__What this task involves__.
Restate word for word the lines below, from the one containing "alcoholics dating each other" through the final line, with no pictures included.

__Raw data__.
——

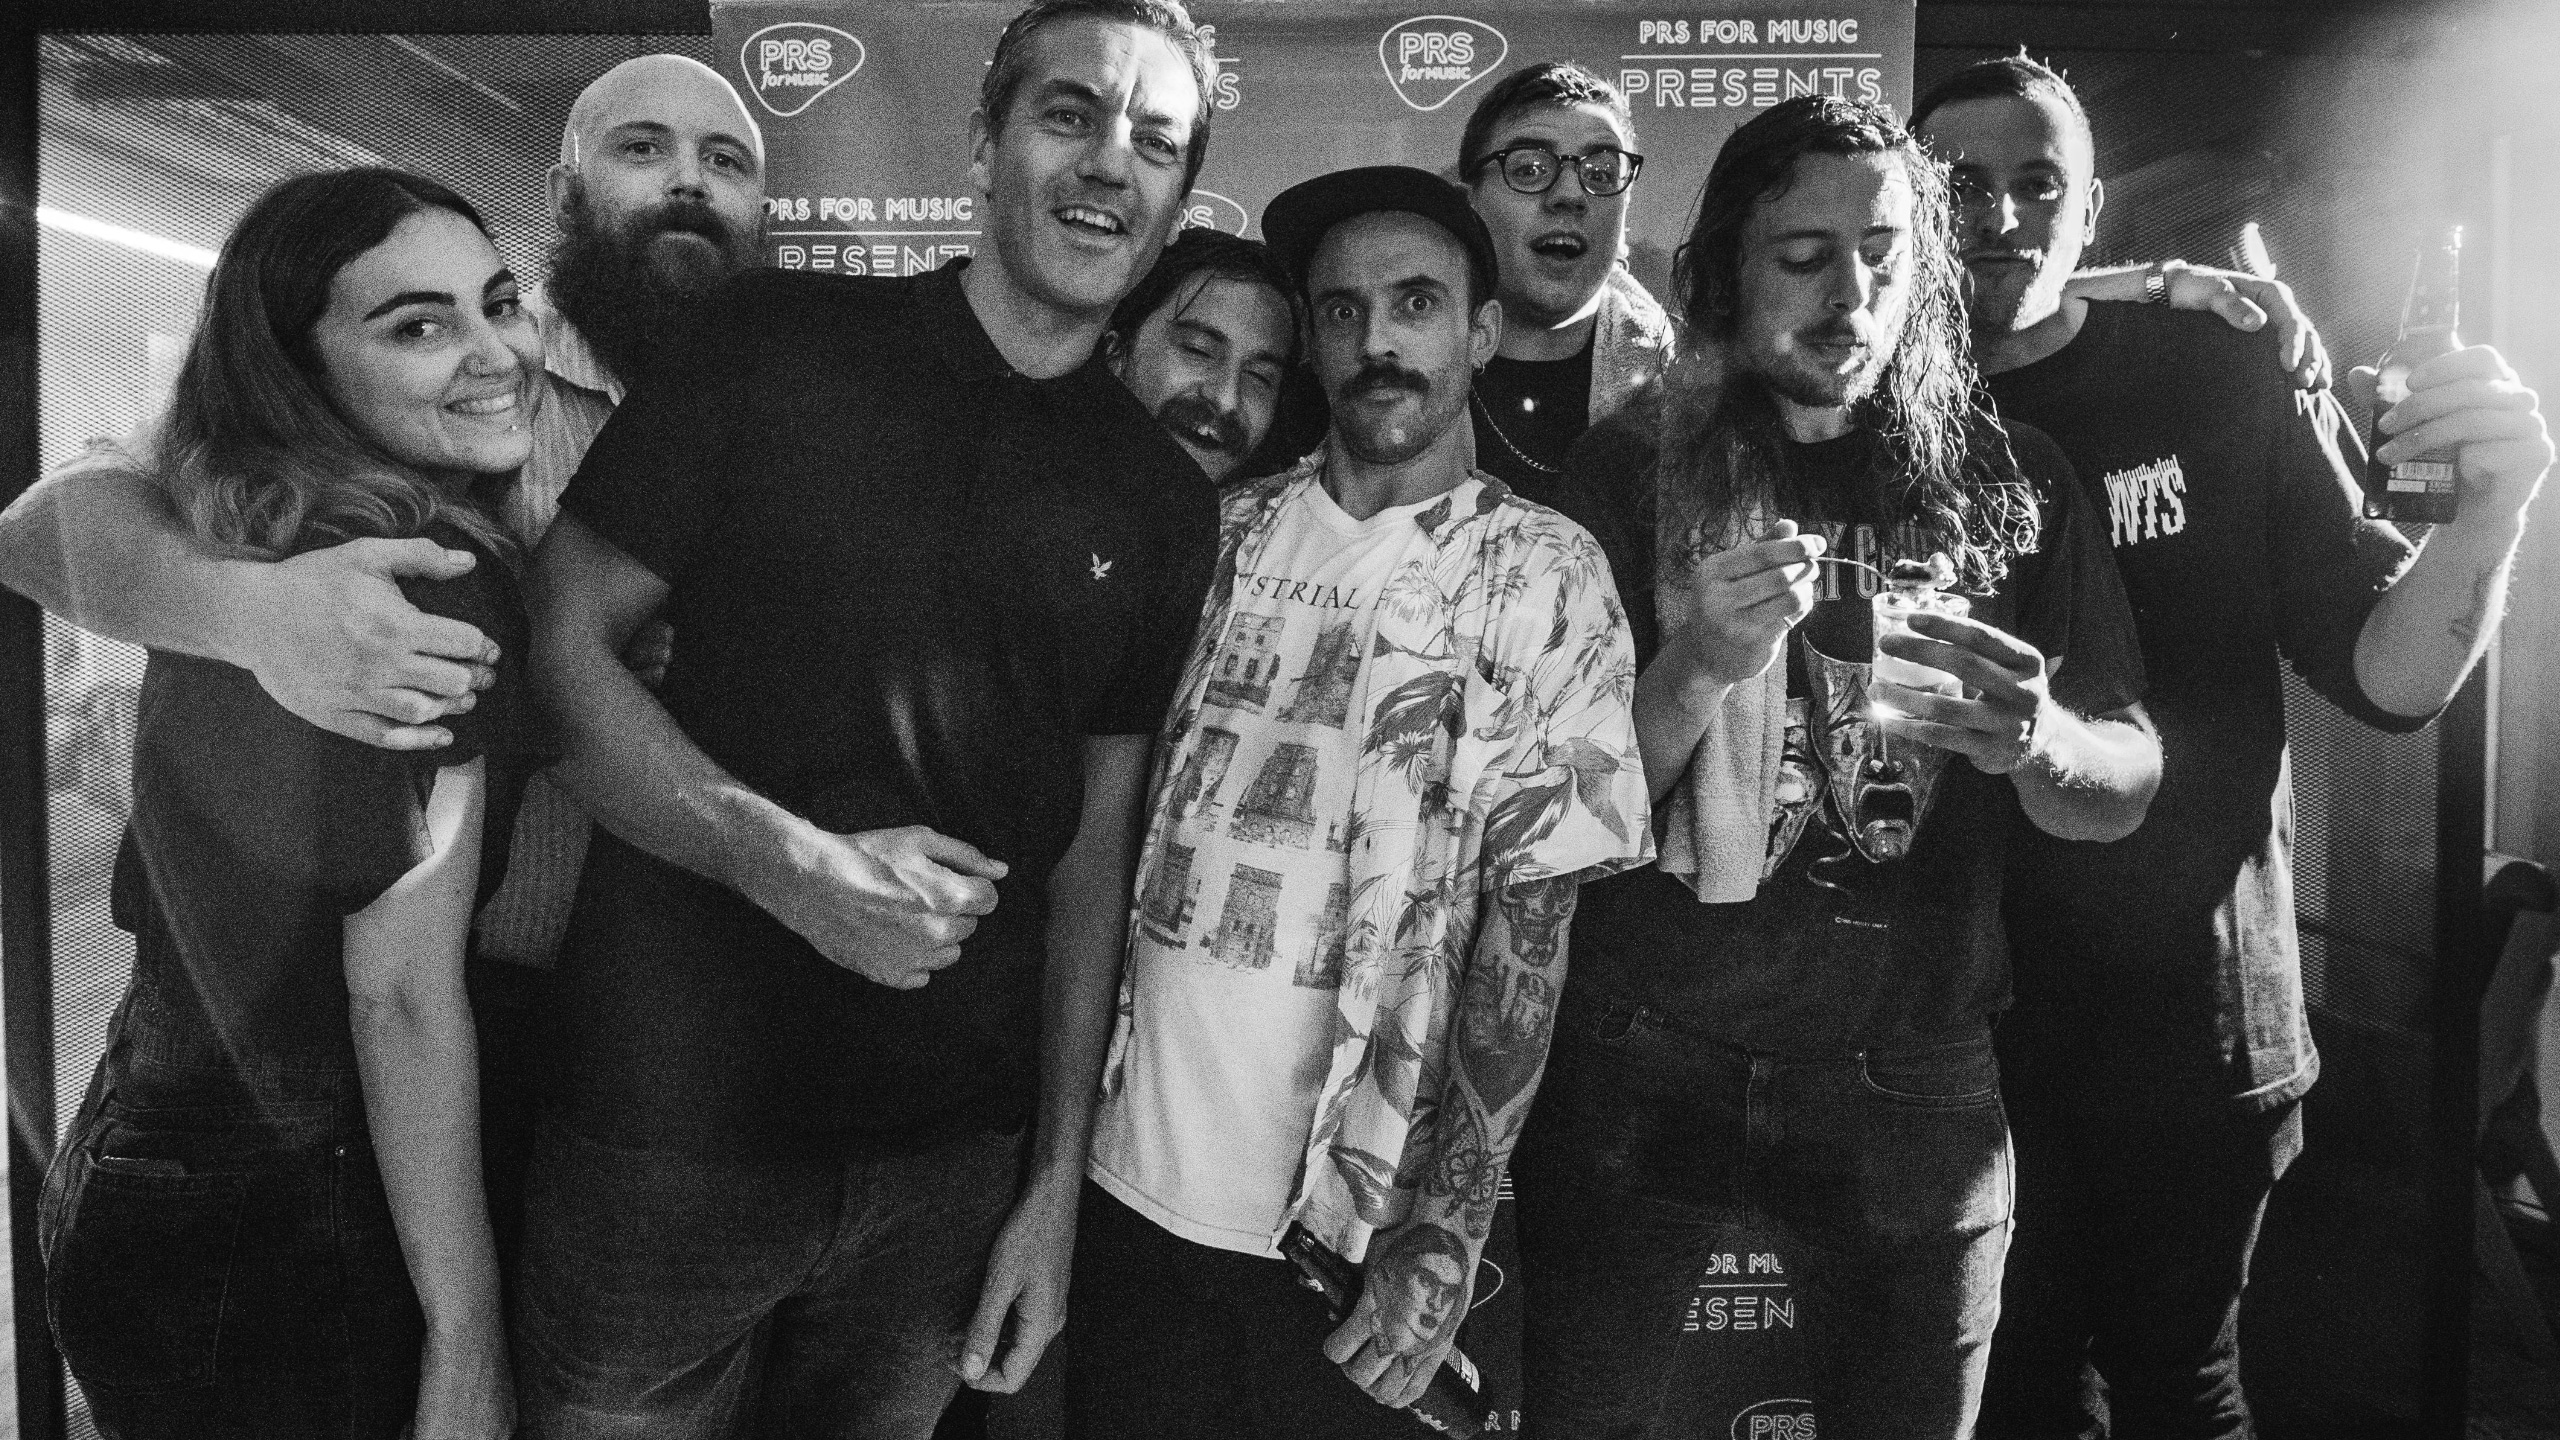 Idles with PRS for Music's Amy Field, Paul Sims and David Bargery
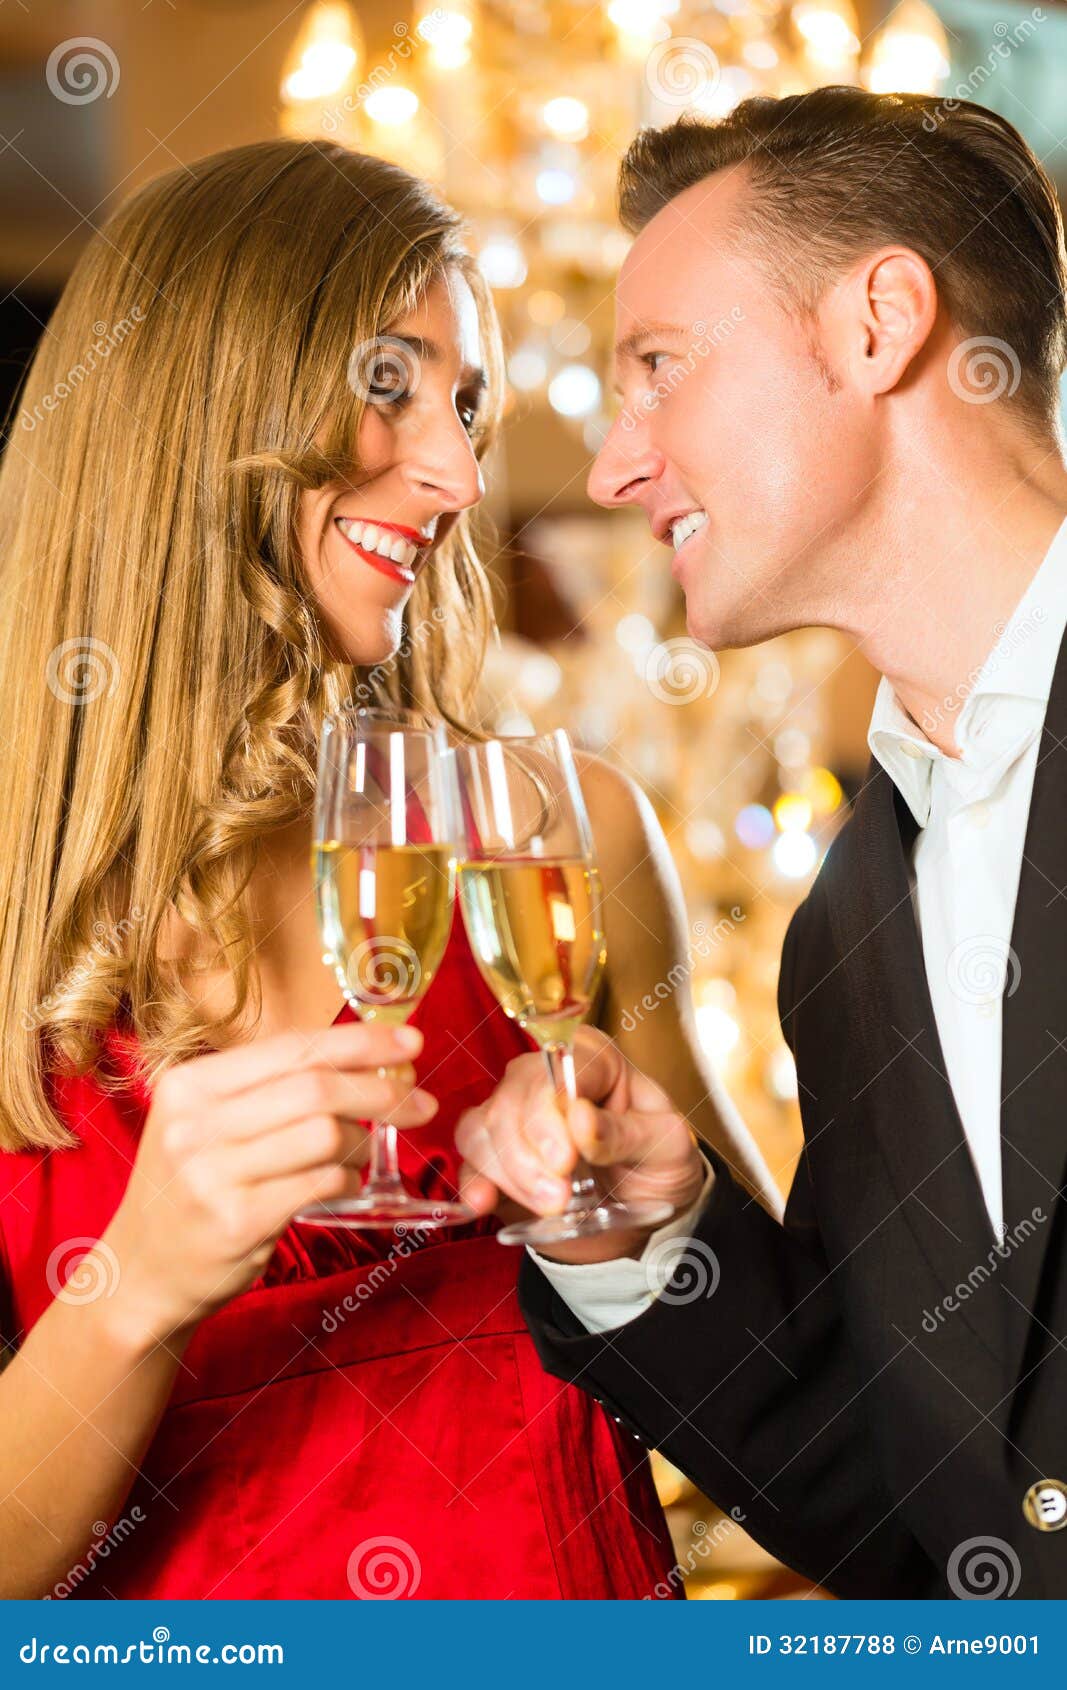 alcoholics dating each other
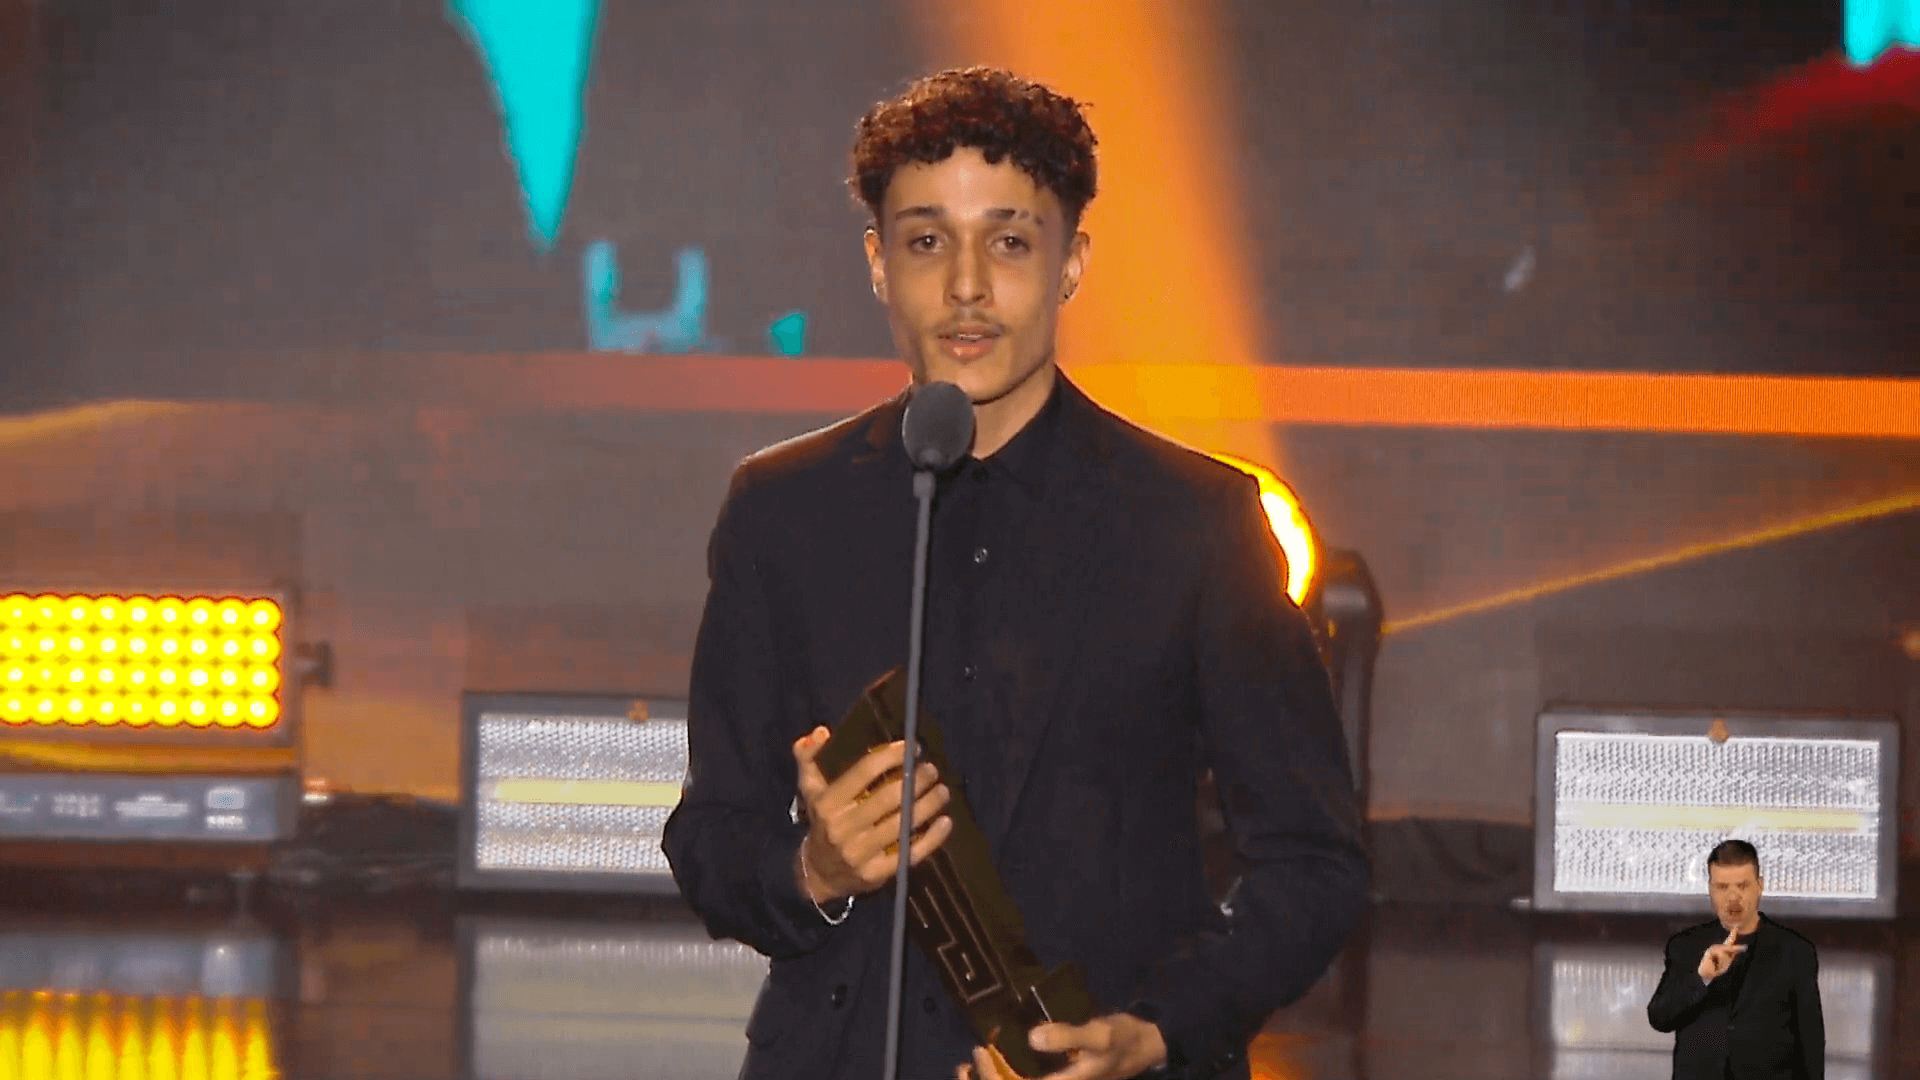 yüz is the Fighting Game Player of the Year in Brazil

——

__Completed exercise__.
 alcoholics dating each other
 yüz is the Fighting Game Player of the Year in Brazil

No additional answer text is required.